Nacos needs a persistent storage engine. MySQL is a common choice. Alternative storage options exist depending on Nacos version and configuration, but MySQL is widely supported.

How do I choose HTTP vs HTTPS for Nacos?

Tencent Cloud KYC Verification Start with HTTP if you just want to get things working quickly in a controlled environment, then move to HTTPS if security requirements demand it. If you’re already dealing with strict compliance, start with HTTPS and a proper certificate plan.

Tencent Cloud KYC Verification Closing Thoughts: You’re Not Just Deploying Nacos, You’re Deploying Confidence

Deploying Nacos on Tencent Cloud VPC is a practical way to build a reliable service registry and configuration center for your microservices. Once the network rules are correct and MySQL persistence is properly wired, your environment becomes much easier to manage. You’ll spend less time manually editing configuration files on servers and more time building features.

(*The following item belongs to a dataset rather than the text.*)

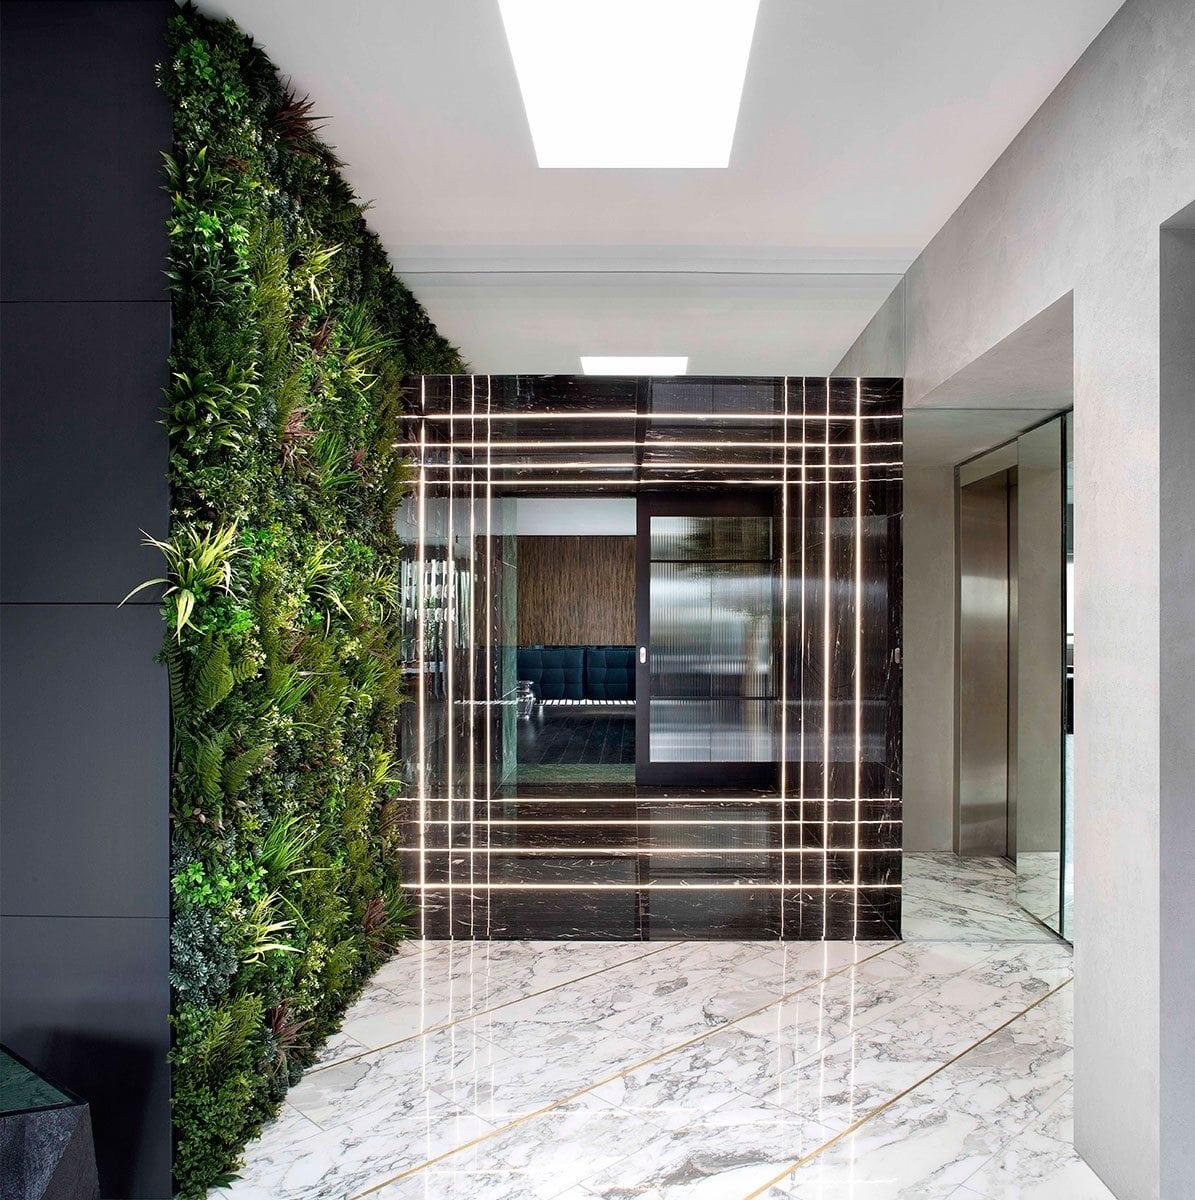 Stephens green marble corridor

And when something goes wrong—and it will—you’ll have a structured checklist, clear separation of network responsibilities, and log-based troubleshooting instincts. In other words, you’ll be prepared for the moment when a security group denies traffic like a suspicious bouncer at a club called “Ports Are Not Optional.”

Happy deploying. May your ports be open, your DNS be resolvable, and your Nacos stay healthy longer than your patience during firewall configuration.